Task objective: Retype the listing exactly, so that the copy matches it line for line.

═════ Task input

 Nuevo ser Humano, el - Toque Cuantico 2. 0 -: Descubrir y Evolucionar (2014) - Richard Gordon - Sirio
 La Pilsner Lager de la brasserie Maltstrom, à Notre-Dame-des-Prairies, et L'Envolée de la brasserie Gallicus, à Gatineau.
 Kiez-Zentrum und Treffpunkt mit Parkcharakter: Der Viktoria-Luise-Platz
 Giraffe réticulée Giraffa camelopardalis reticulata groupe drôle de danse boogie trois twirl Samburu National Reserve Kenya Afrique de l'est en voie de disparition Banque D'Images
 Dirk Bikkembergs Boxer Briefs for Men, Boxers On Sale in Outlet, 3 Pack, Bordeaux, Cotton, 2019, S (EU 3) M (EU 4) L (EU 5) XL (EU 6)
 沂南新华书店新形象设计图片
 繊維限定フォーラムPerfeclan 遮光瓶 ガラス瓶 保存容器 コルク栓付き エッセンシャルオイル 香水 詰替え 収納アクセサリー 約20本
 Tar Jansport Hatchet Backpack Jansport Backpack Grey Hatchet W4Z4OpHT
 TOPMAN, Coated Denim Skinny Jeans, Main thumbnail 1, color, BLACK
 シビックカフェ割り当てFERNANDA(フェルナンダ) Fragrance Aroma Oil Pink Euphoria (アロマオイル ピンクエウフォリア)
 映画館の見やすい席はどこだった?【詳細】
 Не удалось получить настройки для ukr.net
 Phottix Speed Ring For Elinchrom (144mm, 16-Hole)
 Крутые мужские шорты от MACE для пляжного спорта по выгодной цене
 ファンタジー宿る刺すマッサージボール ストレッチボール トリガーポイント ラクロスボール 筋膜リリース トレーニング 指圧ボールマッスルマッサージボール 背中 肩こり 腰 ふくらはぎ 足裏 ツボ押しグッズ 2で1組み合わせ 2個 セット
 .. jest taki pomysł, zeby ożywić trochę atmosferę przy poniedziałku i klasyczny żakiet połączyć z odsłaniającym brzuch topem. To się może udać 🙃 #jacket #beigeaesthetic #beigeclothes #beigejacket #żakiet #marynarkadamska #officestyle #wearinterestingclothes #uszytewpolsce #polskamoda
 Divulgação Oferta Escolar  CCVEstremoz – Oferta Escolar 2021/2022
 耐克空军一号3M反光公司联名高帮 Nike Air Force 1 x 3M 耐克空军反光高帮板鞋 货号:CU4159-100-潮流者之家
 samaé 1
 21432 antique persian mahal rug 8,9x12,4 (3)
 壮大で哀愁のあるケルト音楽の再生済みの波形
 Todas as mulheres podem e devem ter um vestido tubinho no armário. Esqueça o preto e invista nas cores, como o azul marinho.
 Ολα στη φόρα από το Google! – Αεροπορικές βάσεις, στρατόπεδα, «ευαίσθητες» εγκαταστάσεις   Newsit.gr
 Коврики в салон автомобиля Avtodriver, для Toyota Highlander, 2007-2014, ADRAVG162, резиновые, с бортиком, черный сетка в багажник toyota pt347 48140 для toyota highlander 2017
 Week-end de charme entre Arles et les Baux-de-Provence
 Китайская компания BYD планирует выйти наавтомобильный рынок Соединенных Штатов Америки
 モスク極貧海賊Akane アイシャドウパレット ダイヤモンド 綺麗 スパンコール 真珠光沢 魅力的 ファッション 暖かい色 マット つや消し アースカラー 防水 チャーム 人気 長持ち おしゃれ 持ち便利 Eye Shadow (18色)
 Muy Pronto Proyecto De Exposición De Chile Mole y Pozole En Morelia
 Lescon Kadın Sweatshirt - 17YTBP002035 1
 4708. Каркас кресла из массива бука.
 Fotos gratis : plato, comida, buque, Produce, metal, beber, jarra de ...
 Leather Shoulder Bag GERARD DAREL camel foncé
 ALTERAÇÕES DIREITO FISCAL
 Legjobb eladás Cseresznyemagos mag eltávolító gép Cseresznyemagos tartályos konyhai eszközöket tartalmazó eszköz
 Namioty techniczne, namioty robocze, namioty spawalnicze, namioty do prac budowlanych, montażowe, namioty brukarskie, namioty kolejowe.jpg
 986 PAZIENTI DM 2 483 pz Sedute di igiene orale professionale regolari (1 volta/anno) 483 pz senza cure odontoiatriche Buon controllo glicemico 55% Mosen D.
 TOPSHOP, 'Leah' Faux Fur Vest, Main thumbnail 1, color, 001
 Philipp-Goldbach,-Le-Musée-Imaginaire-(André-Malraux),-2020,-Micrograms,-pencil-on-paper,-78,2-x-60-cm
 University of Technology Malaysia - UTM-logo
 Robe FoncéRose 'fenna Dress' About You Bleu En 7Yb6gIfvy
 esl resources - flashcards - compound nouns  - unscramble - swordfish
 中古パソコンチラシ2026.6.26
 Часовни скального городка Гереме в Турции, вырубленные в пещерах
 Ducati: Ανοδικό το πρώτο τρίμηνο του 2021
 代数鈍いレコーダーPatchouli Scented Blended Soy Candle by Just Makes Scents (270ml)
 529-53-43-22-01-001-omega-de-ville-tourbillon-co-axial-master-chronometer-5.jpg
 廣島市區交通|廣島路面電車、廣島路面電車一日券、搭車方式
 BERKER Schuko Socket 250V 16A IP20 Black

══════════

Solution for this problem:
 Nuevo ser Humano, el - Toque Cuantico 2. 0 -: Descubrir y Evolucionar (2014) - Richard Gordon - Sirio
 La Pilsner Lager de la brasserie Maltstrom, à Notre-Dame-des-Prairies, et L'Envolée de la brasserie Gallicus, à Gatineau.
 Kiez-Zentrum und Treffpunkt mit Parkcharakter: Der Viktoria-Luise-Platz
 Giraffe réticulée Giraffa camelopardalis reticulata groupe drôle de danse boogie trois twirl Samburu National Reserve Kenya Afrique de l'est en voie de disparition Banque D'Images
 Dirk Bikkembergs Boxer Briefs for Men, Boxers On Sale in Outlet, 3 Pack, Bordeaux, Cotton, 2019, S (EU 3) M (EU 4) L (EU 5) XL (EU 6)
 沂南新华书店新形象设计图片
 繊維限定フォーラムPerfeclan 遮光瓶 ガラス瓶 保存容器 コルク栓付き エッセンシャルオイル 香水 詰替え 収納アクセサリー 約20本
 Tar Jansport Hatchet Backpack Jansport Backpack Grey Hatchet W4Z4OpHT
 TOPMAN, Coated Denim Skinny Jeans, Main thumbnail 1, color, BLACK
 シビックカフェ割り当てFERNANDA(フェルナンダ) Fragrance Aroma Oil Pink Euphoria (アロマオイル ピンクエウフォリア)
 映画館の見やすい席はどこだった?【詳細】
 Не удалось получить настройки для ukr.net
 Phottix Speed Ring For Elinchrom (144mm, 16-Hole)
 Крутые мужские шорты от MACE для пляжного спорта по выгодной цене
 ファンタジー宿る刺すマッサージボール ストレッチボール トリガーポイント ラクロスボール 筋膜リリース トレーニング 指圧ボールマッスルマッサージボール 背中 肩こり 腰 ふくらはぎ 足裏 ツボ押しグッズ 2で1組み合わせ 2個 セット
 .. jest taki pomysł, zeby ożywić trochę atmosferę przy poniedziałku i klasyczny żakiet połączyć z odsłaniającym brzuch topem. To się może udać 🙃 #jacket #beigeaesthetic #beigeclothes #beigejacket #żakiet #marynarkadamska #officestyle #wearinterestingclothes #uszytewpolsce #polskamoda
 Divulgação Oferta Escolar  CCVEstremoz – Oferta Escolar 2021/2022
 耐克空军一号3M反光公司联名高帮 Nike Air Force 1 x 3M 耐克空军反光高帮板鞋 货号:CU4159-100-潮流者之家
 samaé 1
 21432 antique persian mahal rug 8,9x12,4 (3)
 壮大で哀愁のあるケルト音楽の再生済みの波形
 Todas as mulheres podem e devem ter um vestido tubinho no armário. Esqueça o preto e invista nas cores, como o azul marinho.
 Ολα στη φόρα από το Google! – Αεροπορικές βάσεις, στρατόπεδα, «ευαίσθητες» εγκαταστάσεις   Newsit.gr
 Коврики в салон автомобиля Avtodriver, для Toyota Highlander, 2007-2014, ADRAVG162, резиновые, с бортиком, черный сетка в багажник toyota pt347 48140 для toyota highlander 2017
 Week-end de charme entre Arles et les Baux-de-Provence
 Китайская компания BYD планирует выйти наавтомобильный рынок Соединенных Штатов Америки
 モスク極貧海賊Akane アイシャドウパレット ダイヤモンド 綺麗 スパンコール 真珠光沢 魅力的 ファッション 暖かい色 マット つや消し アースカラー 防水 チャーム 人気 長持ち おしゃれ 持ち便利 Eye Shadow (18色)
 Muy Pronto Proyecto De Exposición De Chile Mole y Pozole En Morelia
 Lescon Kadın Sweatshirt - 17YTBP002035 1
 4708. Каркас кресла из массива бука.
 Fotos gratis : plato, comida, buque, Produce, metal, beber, jarra de ...
 Leather Shoulder Bag GERARD DAREL camel foncé
 ALTERAÇÕES DIREITO FISCAL
 Legjobb eladás Cseresznyemagos mag eltávolító gép Cseresznyemagos tartályos konyhai eszközöket tartalmazó eszköz
 Namioty techniczne, namioty robocze, namioty spawalnicze, namioty do prac budowlanych, montażowe, namioty brukarskie, namioty kolejowe.jpg
 986 PAZIENTI DM 2 483 pz Sedute di igiene orale professionale regolari (1 volta/anno) 483 pz senza cure odontoiatriche Buon controllo glicemico 55% Mosen D.
 TOPSHOP, 'Leah' Faux Fur Vest, Main thumbnail 1, color, 001
 Philipp-Goldbach,-Le-Musée-Imaginaire-(André-Malraux),-2020,-Micrograms,-pencil-on-paper,-78,2-x-60-cm
 University of Technology Malaysia - UTM-logo
 Robe FoncéRose 'fenna Dress' About You Bleu En 7Yb6gIfvy
 esl resources - flashcards - compound nouns  - unscramble - swordfish
 中古パソコンチラシ2026.6.26
 Часовни скального городка Гереме в Турции, вырубленные в пещерах
 Ducati: Ανοδικό το πρώτο τρίμηνο του 2021
 代数鈍いレコーダーPatchouli Scented Blended Soy Candle by Just Makes Scents (270ml)
 529-53-43-22-01-001-omega-de-ville-tourbillon-co-axial-master-chronometer-5.jpg
 廣島市區交通|廣島路面電車、廣島路面電車一日券、搭車方式
 BERKER Schuko Socket 250V 16A IP20 Black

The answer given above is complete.